Whether that has any effect on materials, I don't know. According to Wikipedia, minimising the snap is important for curves, as a constant snap means the change in jerk is linear, allowing for a smooth radial acceleration.

2) Yes, we have put materials under THOUSANDS of G's acceleration for Hours/Days/Weeks. Heard of a thing called a CENTRIFUGE? :?


Yes, indeed. I did not think of radial acceleration, but it of course matters.

How the Heck did you think we engineered materials, simple circuits, etc which can be FIRED OUT OF A GUN BARREL using glass ampules etc in WWII???? :roll: :twisted: :evil: Let alone guided munitions using circuit boards and delicate accelerometers in the 1990's???


I thought there was a way, but I couldn't come up with an answer of what it was. And, like I said, those don't need to sustain the acceleration for long, as they're going to go ballistic or terminal velocity very quickly, so the method by which the sudden acceleration was tested need not have been capable of sustaining it for longer than a few seconds.

3) Constant stress ANY material can sustain ~by and large.
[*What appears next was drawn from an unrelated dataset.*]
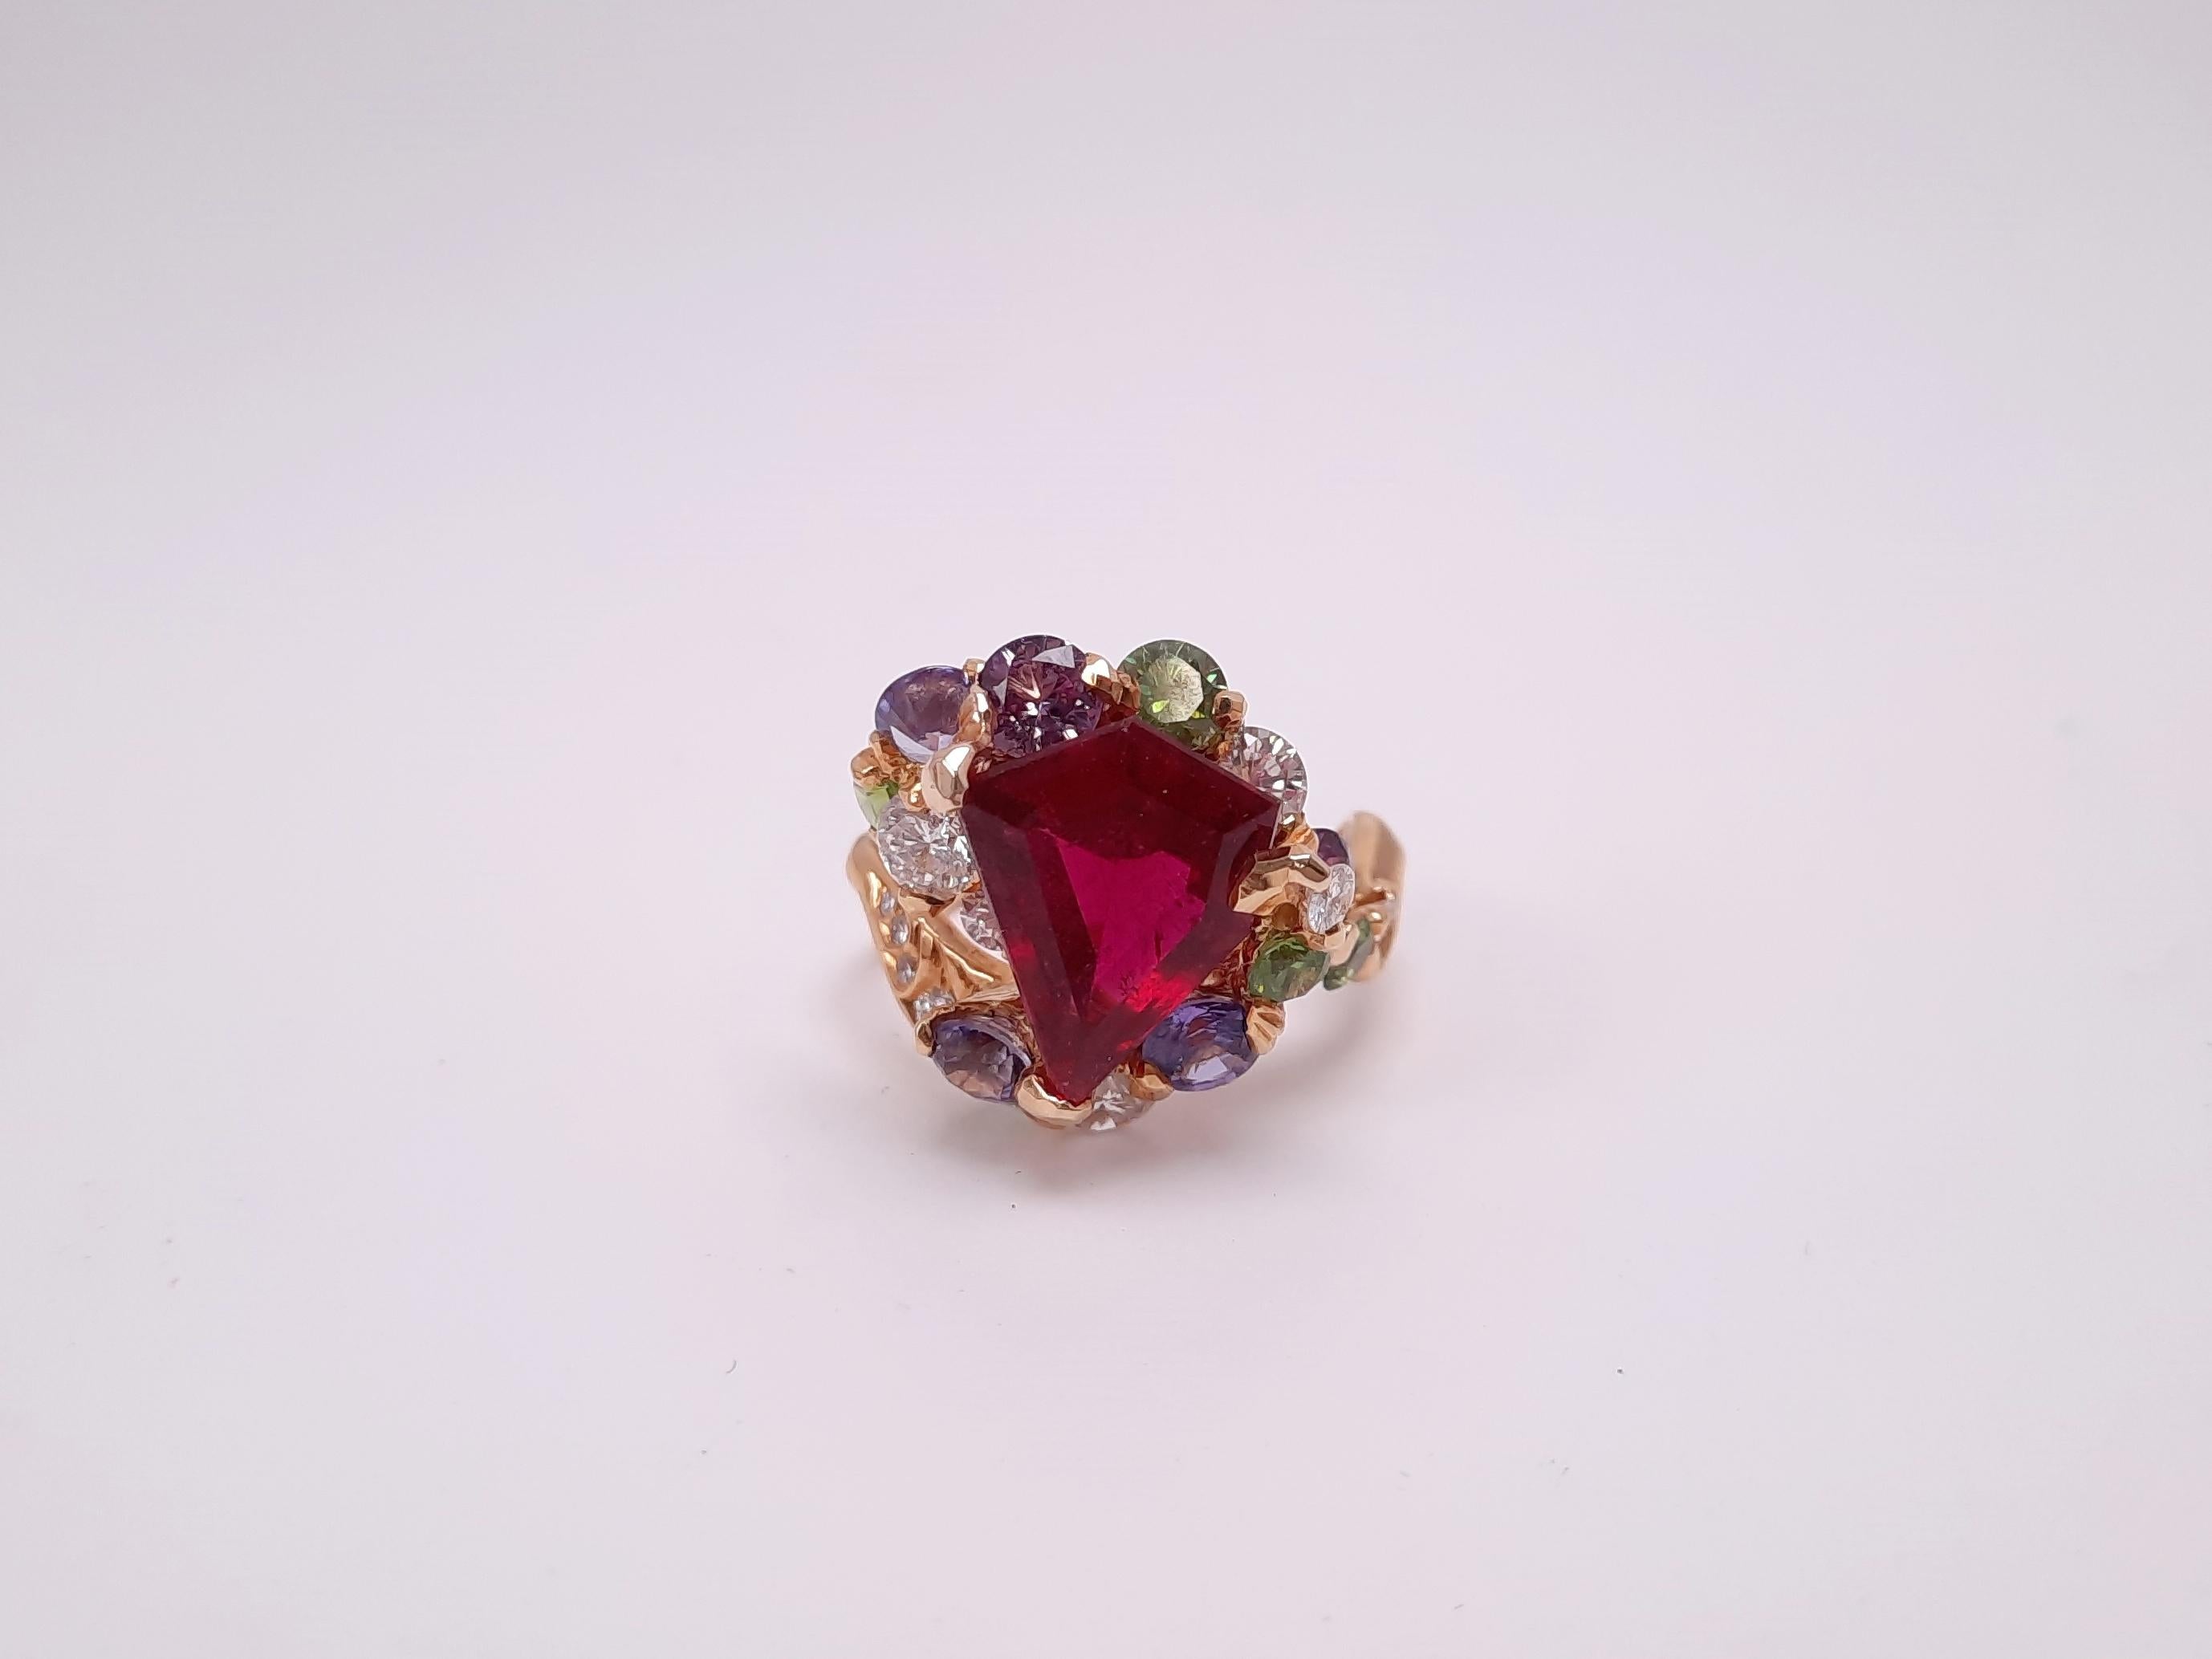 A MOISEIKIN's handmade gold ring with a fancy shape, vivid rubellite, shimmering diamonds, multi-colour sapphires, and rare demantoid garnets reminds you of a sparkling Christmas tree or the New Year decoration for this festive season. The Artful

CREEP of a material is effected by stress, temperature, and cyclic rate. [grain orientation as well, but that is more advanced but same principles] So, if something can sustain the initial JERK to get to a constant acceleration, it will be just fine for ~180s.


I'll have to trust you on that. I have no reason to doubt it is true; if the material isn't deforming in the first few seconds, why should it deform afterwards? But if it is deforming, even minutely, then the sustained acceleration could deform it past the breaking point.

I suppose in an 3 stage MDM, it has to sustain the Jerk from 0-->x G's 6 times. This is your main cyclic rate. The Minor cyclic rate is determined by how constant that acceleration is. If 100,000G is the Mean, what is the oscillation amplitude and Frequency around that 100,000G. Could easily be off +/-5%.


It doesn't look like there's a cycle rate at all. Once the wedge is up to full acceleration, it stays there. We could assume it oscillates a little as imperfections in the power production methodology and so missiles can adjust to each other's power output, but that also goes against the "one setting or bust" explanations we've heard.

MDMs are only expected to shut down once, before the last stage, so they would expect only 4 changes in acceleration at most, however many stages the missile has. There's no need to shut down the wedge at any time before that, because it does not extend your range but does extend your time to target. The only reason to shut down between the first and second stages is to use the third stage as a surprise, but that means your enemy must not know you have a 3-stage-capable missile, or at least one that can be fired from the current circumstances (say, a DD or CL).

Finally, the GA-tech missiles have been pretty constantly using 46,000 gravities for a 180-second half-power stage and 92,000 for 60-second full power. Only CMs appear to break over the 100,000-gravity threshold.

Now a mean load of 100,000G may indeed be just fine for a material, but if the material is also undergoing an oscillation of 5000G on a cyclic rate of 1 Hz, or 1000Hz--> AKA its JERK derivative, then we could have some serious problems. THe faster the frequency the greater the Jerk. --> This is why your statement of sustained ~100,000G could indeed be why Impeller missiles in HV have compensators built in. Or, LASER rods cannot sustain the 100,000G. Or say the Grav lens tech cannot do so, or micro fusion bottle, or fusion capacitors.... etc etc etc.


Good points.

RFC could use some of this for some plot device for why no one can currently go above 150,000 gravities even for a CM, as the oscillations however minor become too great for the wedge's compensating field at that point. And if someone does make a breakthrough in that problem, penny's dream of the million-gravity missile could come true.

I should also point out that if the acceleration is oscillating up and down, that mean the jerk is not constant, which in turn must mean snap is not zero either (I'm not going to assume they're pure sine waves).